Could you share more information about your environment? 1. Which JetPack version do you use? 2. How do you install TensorFlow? Do you build it from source or install a public wheel?
All of the combinations give the same problem. I have a script that does the inference on some images. I am able to run the script once and then when I restart it I get the error.
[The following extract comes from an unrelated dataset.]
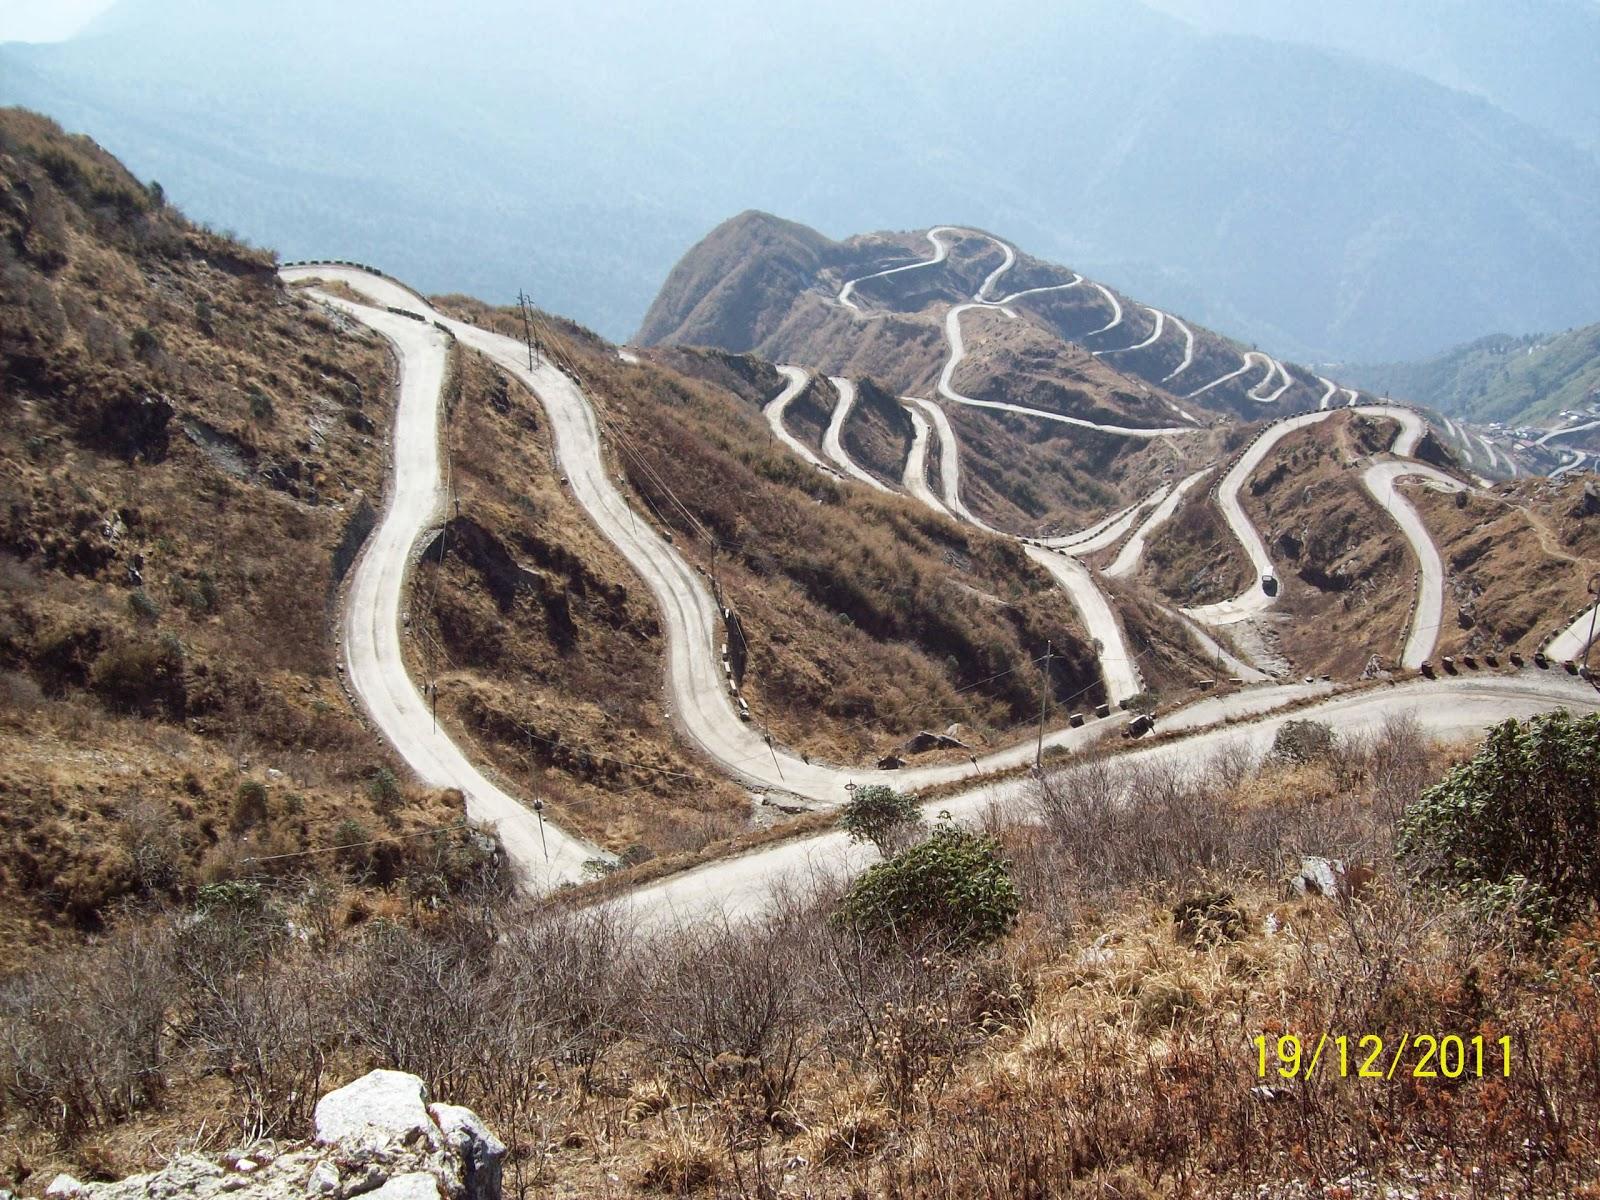 Sikkim ,Zuluk, nathula Pass: Sikkim , Zuluk , Nathula pass

Even if I reboot it doesn’t solve the problem.
However, I noticed that if I remove libcudnn6 with apt and install it again, the script runs once and when restarted the error occurs again.
Is it something to do with cuDNN?
Is it a good idea to try to compile TF with cuDNN 7?
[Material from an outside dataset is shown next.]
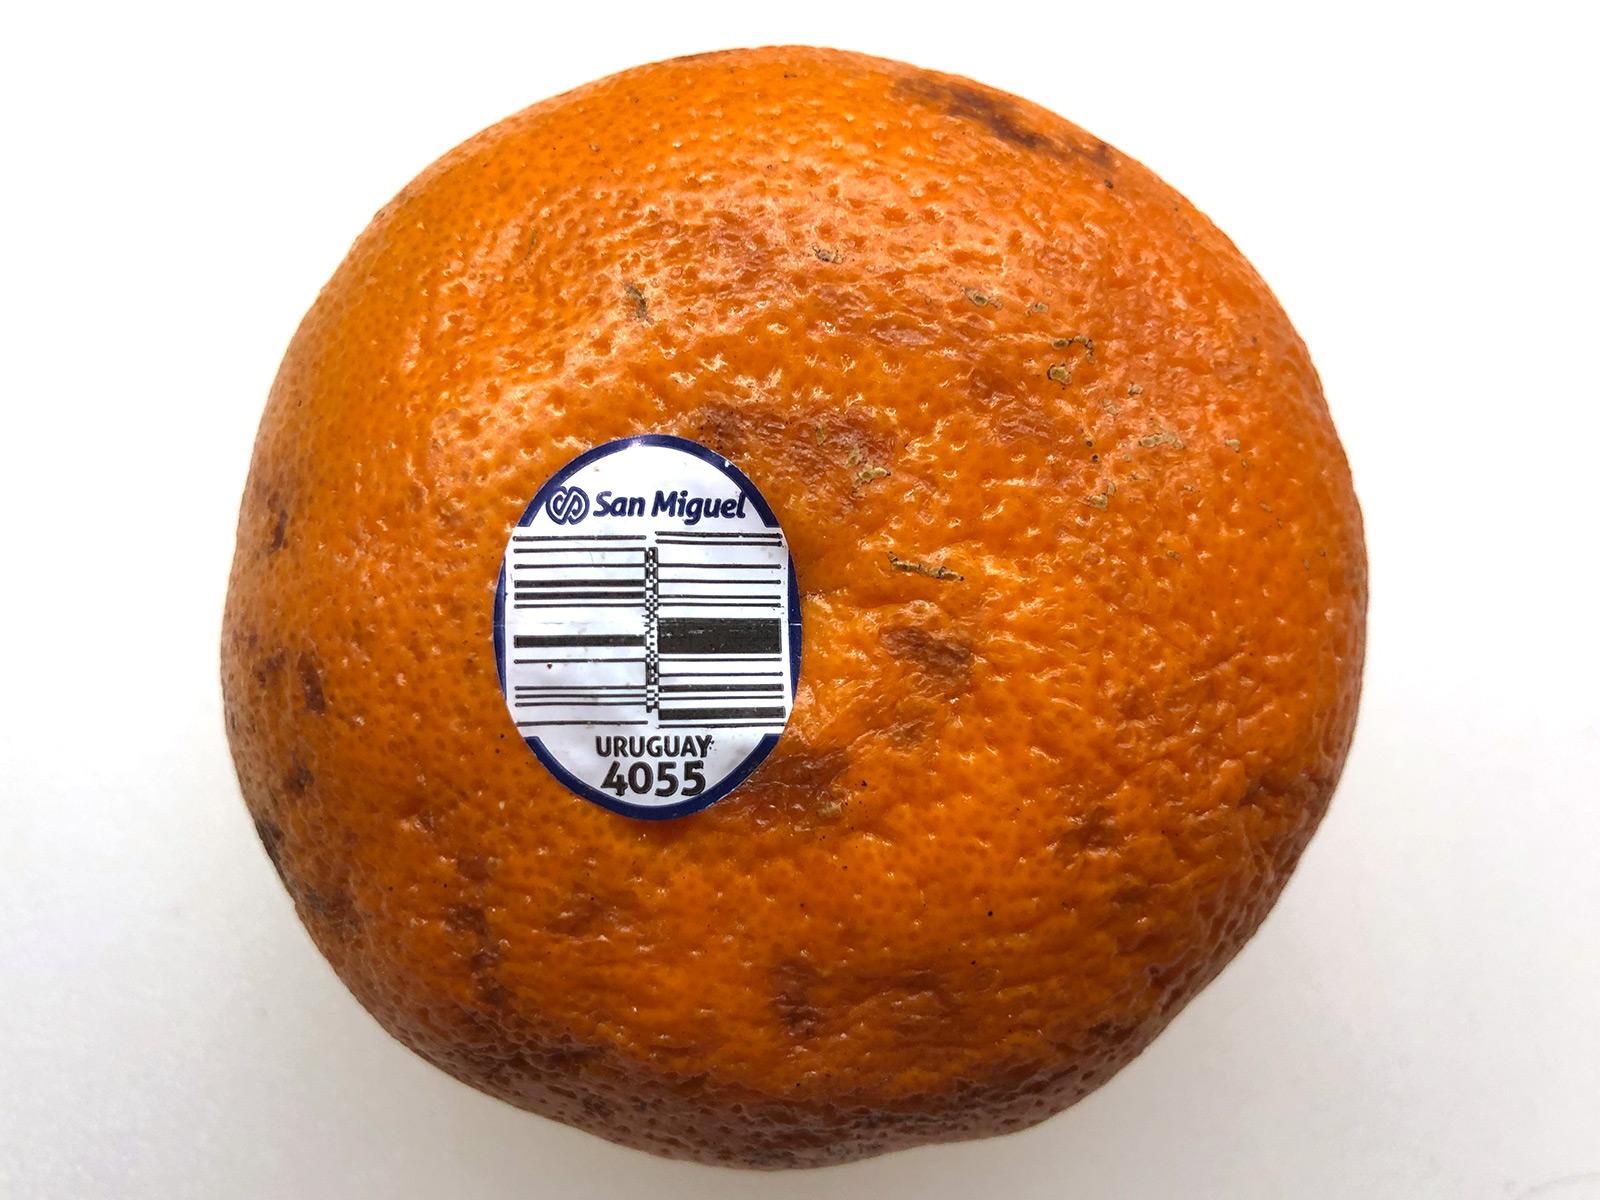 4055-tangerine-uruguay.jpg

2018-01-30 09:13:08.565407: I tensorflow/stream_executor/cuda/cuda_gpu_executor.cc:857] ARM64 does not support NUMA - returning NUMA node zero
2018-01-30 09:13:08.565560: I tensorflow/core/common_runtime/gpu/gpu_device.cc:955] Found device 0 with properties:
name: NVIDIA Tegra X2
major: 6 minor: 2 memoryClockRate (GHz) 1.3005
pciBusID 0000:00:00.0
Total memory: 7.67GiB
Free memory: 5.22GiB
2018-01-30 09:13:08.565617: I tensorflow/core/common_runtime/gpu/gpu_device.cc:976] DMA: 0
2018-01-30 09:13:08.565645: I tensorflow/core/common_runtime/gpu/gpu_device.cc:986] 0: Y
2018-01-30 09:13:08.565676: I tensorflow/core/common_runtime/gpu/gpu_device.cc:1045] Creating TensorFlow device (/gpu:0) -> (device: 0, name: NVIDIA Tegra X2, pci bus id: 0000:00:00.0)
2018-01-30 09:16:20.210420: E tensorflow/stream_executor/cuda/cuda_timer.cc:54] Internal: error destroying CUDA event in context 0x6811920: CUDA_ERROR_LAUNCH_FAILED
2018-01-30 09:16:20.210558: E tensorflow/stream_executor/cuda/cuda_timer.cc:59] Internal: error destroying CUDA event in context 0x6811920: CUDA_ERROR_LAUNCH_FAILED
2018-01-30 09:16:20.211604: F tensorflow/stream_executor/cuda/cuda_dnn.cc:2045] failed to enqueue convolution on stream: CUDNN_STATUS_EXECUTION_FAILED
========= Error: process didn't terminate successfully
========= Internal error (20)
========= No CUDA-MEMCHECK results found
I compiled TF 1.5 for python 2 against cuda 8 and cudnn 7.
I also have an 8GB swap file enabled.
It seems that I get the error only the first time I run the inference. After that all runs are successful. The same happens even after a reboot.
Thanks for the update. It looks like the error comes from the TF application.
Although there is a workaround shared by am2266, it’s still recommended to file an issue to TensorFlower.
I have just one more doubt. I never managed to install the JetPack from an host using the installer so I installed the components manually. For cudnn I install it with apt install libcudnn7-dev, is this ok?